After Vodafone – which stocks should income seekers snap up now?

20th February 2014


As the arrival of the Verizon shares and cash balance are imminent for Vodafone investors, Helal Miah, investment research analyst at The Share Centre, picks three income stocks to consider…

Vodafone’s share price has had a good run and as the future is slightly less certain due to an increased reliance on other regions, such as troubled Europe, to make up for Verizon’s strong cash flow. We believe the capital distribution is an opportunity to be effectively taking some profits to reinvest elsewhere. Vodafone’s high yield has been attractive for income seekers so we recommend investors look to invest in other blue chip companies paying a good dividend. Reinvesting the solid dividends from these investments over a long-term period should see good capital returns.

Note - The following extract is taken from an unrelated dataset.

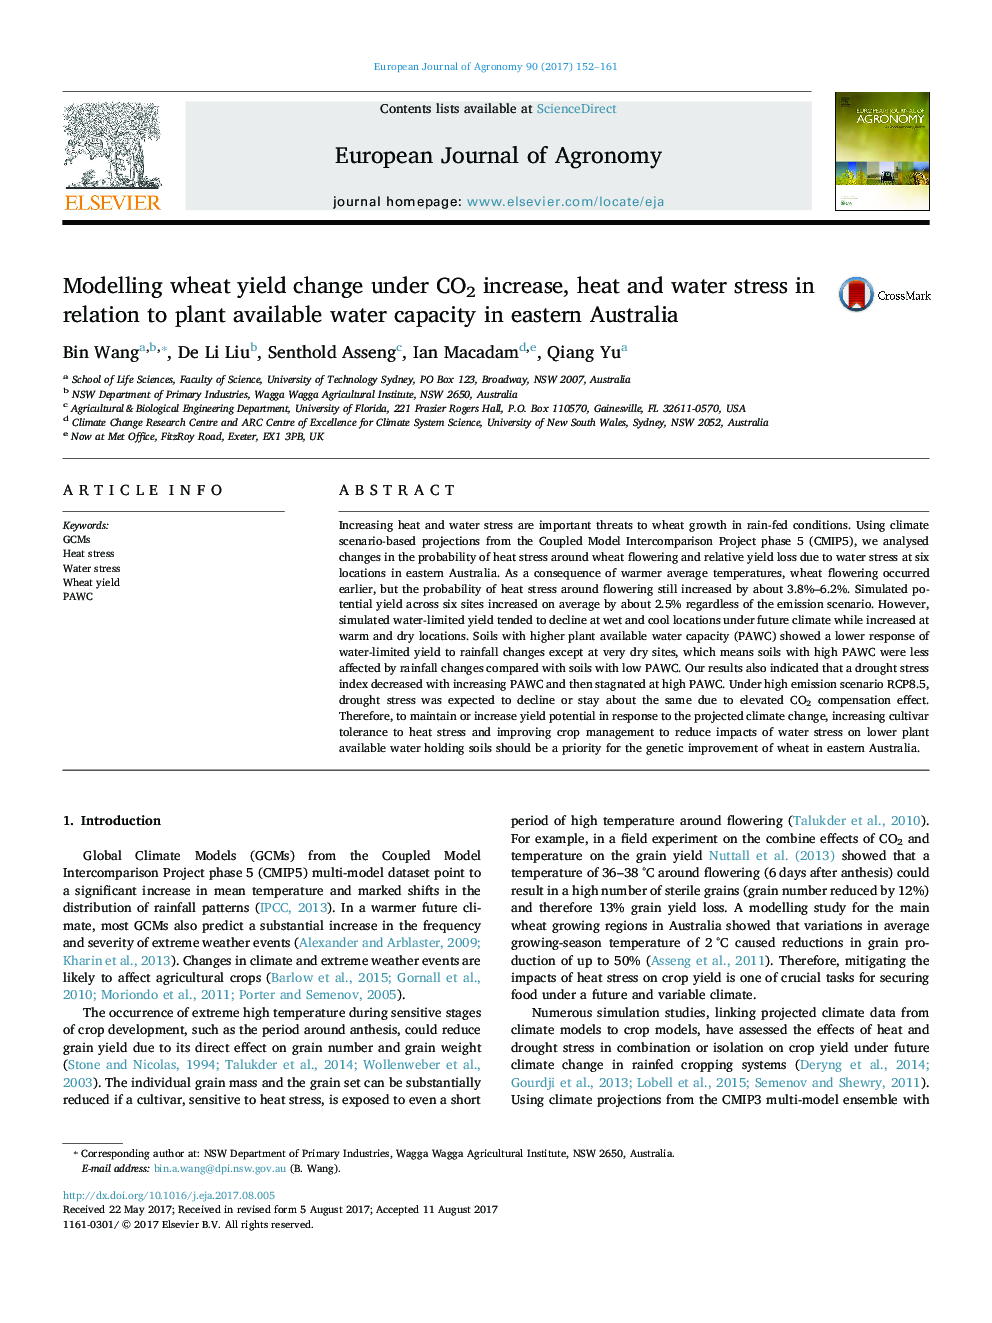 Modelling wheat yield change under CO2 increase, heat and water stress in relation to plant available water capacity in eastern Australia

GlaxoSmithKline remains our preferred stock in the pharmaceutical sector with a promising pipeline of new drugs and it being less prone to generic competition following patent expirations. The defensive nature of the sector and the stock, and the competitive yields paid to investors make this a core holding for many portfolios. The hoped for future improvement should be helped by new products, diversification in consumer healthcare and biotechnology and increasing exposure to emerging markets.

Royal Dutch Shell ‘B’

Cost efficiencies at Royal Dutch Shell should lead to better cash flows, providing oil prices maintain in their current trading range, which we view as more than likely. Major capital investment programs should also result in increased production capacity. We believe the company gives stability to a portfolio, offering investors relatively stable cash flows and an attractive dividend income. The share price is also likely to be supported by a share buyback program.

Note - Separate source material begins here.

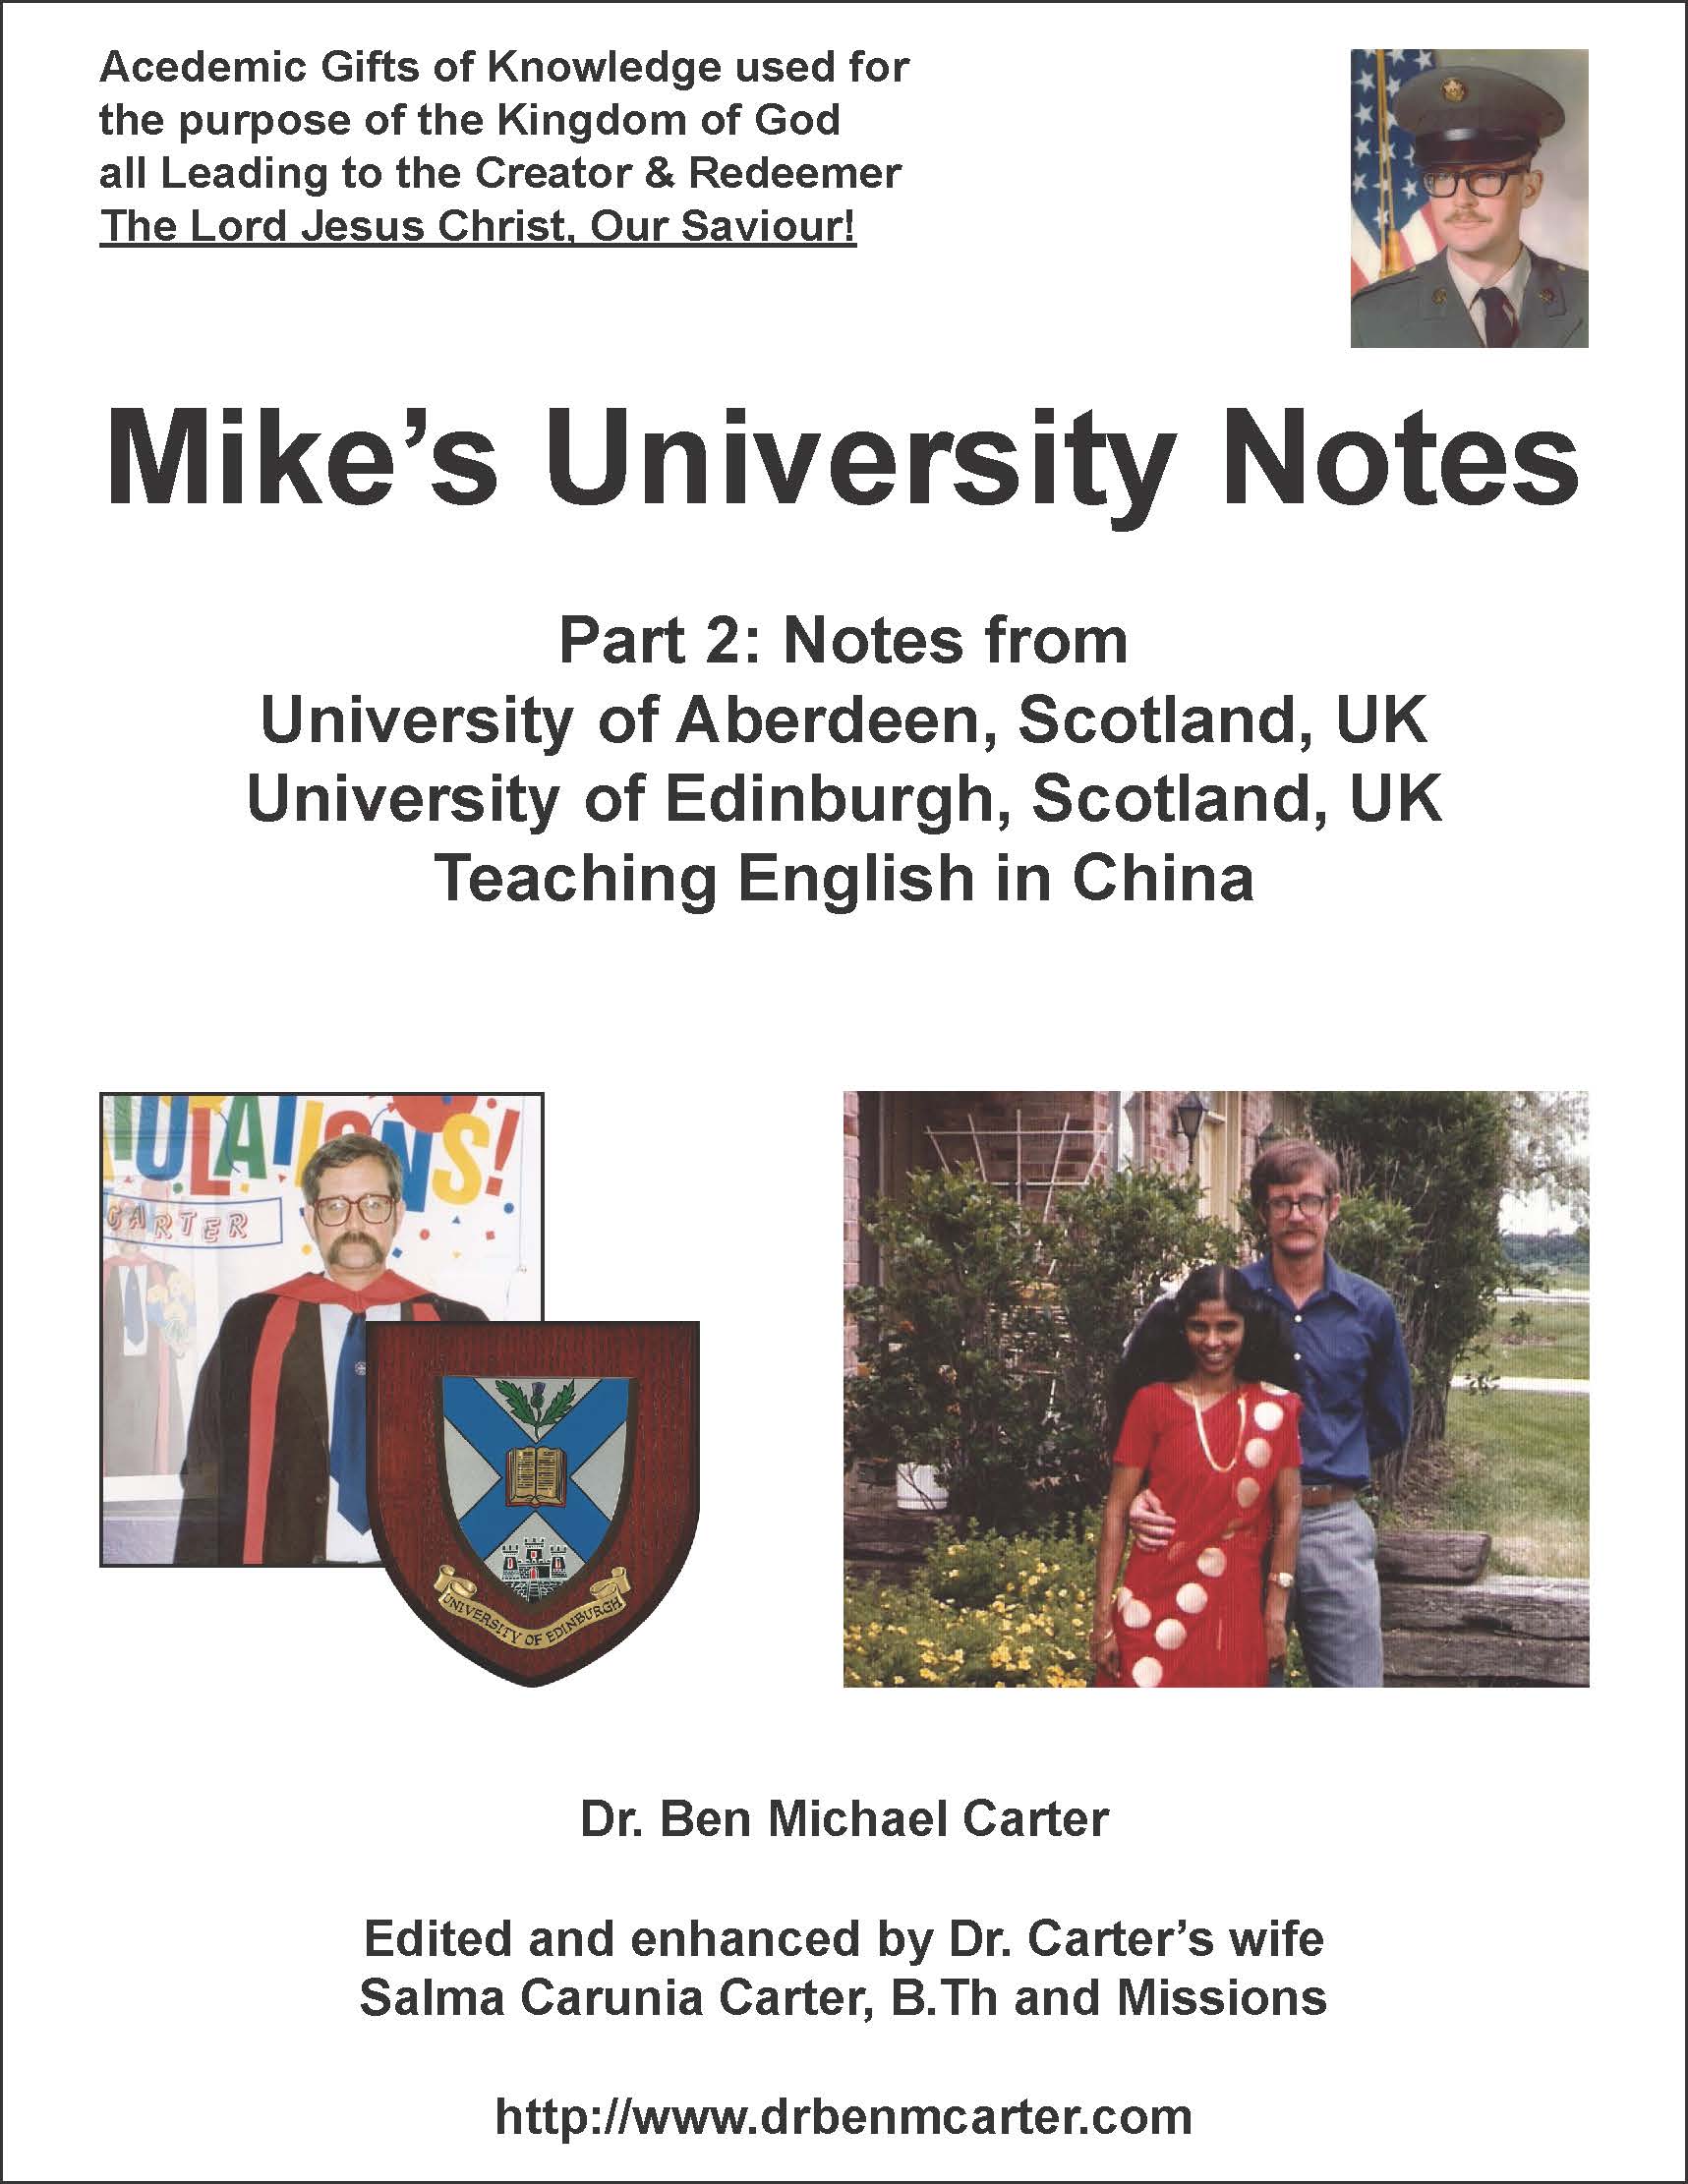 Mike's Notes from Aberdeen

BP is still in the realms of transforming itself from the company it was prior to the Gulf of Mexico oil spill and is progressing well. It is nearing the end of its restructuring process and is now a smaller and leaner operation with longer-term prospects set to improve. Management remains committed to improving shareholder returns through share buybacks and increasing the dividend, which currently stands at 4.6%, and is once again gaining investor’s confidence.